'''

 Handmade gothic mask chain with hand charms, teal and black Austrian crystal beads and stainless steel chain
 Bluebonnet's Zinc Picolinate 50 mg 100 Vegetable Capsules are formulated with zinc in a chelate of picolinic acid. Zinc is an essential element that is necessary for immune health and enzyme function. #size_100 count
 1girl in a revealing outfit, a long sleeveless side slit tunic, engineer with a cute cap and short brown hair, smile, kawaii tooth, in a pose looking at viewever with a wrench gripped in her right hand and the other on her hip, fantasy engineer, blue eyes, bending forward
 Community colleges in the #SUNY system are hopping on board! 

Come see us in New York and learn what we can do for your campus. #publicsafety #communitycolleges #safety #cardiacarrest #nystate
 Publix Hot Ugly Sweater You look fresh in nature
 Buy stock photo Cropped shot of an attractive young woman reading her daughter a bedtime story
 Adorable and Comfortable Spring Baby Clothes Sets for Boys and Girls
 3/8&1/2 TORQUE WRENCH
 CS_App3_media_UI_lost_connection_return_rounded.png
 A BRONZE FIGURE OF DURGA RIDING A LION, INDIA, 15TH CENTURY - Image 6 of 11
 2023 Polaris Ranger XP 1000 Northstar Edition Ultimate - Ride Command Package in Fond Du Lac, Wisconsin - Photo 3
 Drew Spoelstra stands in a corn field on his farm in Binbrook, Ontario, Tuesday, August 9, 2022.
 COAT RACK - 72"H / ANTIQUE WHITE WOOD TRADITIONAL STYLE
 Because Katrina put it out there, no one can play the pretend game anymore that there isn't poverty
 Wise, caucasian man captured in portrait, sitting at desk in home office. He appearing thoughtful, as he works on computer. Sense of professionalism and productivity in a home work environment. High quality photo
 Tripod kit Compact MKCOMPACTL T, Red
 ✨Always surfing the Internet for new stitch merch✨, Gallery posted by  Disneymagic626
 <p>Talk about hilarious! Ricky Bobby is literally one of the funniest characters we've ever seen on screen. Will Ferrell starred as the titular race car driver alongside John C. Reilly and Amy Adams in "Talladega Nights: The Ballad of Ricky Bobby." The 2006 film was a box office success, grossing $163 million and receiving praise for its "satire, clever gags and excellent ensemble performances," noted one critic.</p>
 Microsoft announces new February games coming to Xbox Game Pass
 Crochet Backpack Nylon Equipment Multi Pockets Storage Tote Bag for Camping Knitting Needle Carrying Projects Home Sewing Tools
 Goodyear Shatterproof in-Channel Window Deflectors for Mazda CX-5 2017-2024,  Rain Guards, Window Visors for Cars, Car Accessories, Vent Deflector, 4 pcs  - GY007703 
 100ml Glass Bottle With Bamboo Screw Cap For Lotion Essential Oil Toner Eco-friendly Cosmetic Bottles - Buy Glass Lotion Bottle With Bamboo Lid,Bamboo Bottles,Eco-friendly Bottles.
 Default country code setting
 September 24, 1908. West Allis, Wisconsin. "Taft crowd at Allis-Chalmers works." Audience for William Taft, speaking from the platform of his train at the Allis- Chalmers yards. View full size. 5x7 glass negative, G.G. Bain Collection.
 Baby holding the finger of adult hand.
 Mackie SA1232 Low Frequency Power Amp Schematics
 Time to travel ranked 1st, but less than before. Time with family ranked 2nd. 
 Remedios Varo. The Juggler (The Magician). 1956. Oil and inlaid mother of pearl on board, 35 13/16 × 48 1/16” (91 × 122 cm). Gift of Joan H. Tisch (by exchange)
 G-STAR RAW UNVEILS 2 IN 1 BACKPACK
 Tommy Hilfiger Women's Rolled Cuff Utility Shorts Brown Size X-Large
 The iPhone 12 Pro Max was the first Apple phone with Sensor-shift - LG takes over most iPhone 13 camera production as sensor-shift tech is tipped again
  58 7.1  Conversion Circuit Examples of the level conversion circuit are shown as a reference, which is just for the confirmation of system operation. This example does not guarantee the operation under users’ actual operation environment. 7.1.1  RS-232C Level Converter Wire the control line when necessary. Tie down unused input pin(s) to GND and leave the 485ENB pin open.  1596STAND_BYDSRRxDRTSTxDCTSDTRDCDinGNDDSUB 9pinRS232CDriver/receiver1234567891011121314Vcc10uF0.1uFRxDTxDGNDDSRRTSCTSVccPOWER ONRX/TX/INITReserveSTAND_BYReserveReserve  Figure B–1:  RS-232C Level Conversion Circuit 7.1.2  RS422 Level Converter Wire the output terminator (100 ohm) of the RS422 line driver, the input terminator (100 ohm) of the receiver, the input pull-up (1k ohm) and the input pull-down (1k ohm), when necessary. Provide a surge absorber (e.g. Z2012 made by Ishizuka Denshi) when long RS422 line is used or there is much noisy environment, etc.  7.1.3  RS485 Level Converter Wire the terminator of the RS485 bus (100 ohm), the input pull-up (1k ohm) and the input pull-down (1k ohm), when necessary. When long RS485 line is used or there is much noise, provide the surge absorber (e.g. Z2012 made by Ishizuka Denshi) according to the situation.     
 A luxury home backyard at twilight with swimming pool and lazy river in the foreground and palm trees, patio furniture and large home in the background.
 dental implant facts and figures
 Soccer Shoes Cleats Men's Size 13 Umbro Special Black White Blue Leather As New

'''

Retype the entries exactly from the first line, stopping after the line with "CS_App3_media_UI_lost_connection_return_rounded.png".

▶ _SOLUTION TO THIS EXERCISE_
 Handmade gothic mask chain with hand charms, teal and black Austrian crystal beads and stainless steel chain
 Bluebonnet's Zinc Picolinate 50 mg 100 Vegetable Capsules are formulated with zinc in a chelate of picolinic acid. Zinc is an essential element that is necessary for immune health and enzyme function. #size_100 count
 1girl in a revealing outfit, a long sleeveless side slit tunic, engineer with a cute cap and short brown hair, smile, kawaii tooth, in a pose looking at viewever with a wrench gripped in her right hand and the other on her hip, fantasy engineer, blue eyes, bending forward
 Community colleges in the #SUNY system are hopping on board! 

Come see us in New York and learn what we can do for your campus. #publicsafety #communitycolleges #safety #cardiacarrest #nystate
 Publix Hot Ugly Sweater You look fresh in nature
 Buy stock photo Cropped shot of an attractive young woman reading her daughter a bedtime story
 Adorable and Comfortable Spring Baby Clothes Sets for Boys and Girls
 3/8&1/2 TORQUE WRENCH
 CS_App3_media_UI_lost_connection_return_rounded.png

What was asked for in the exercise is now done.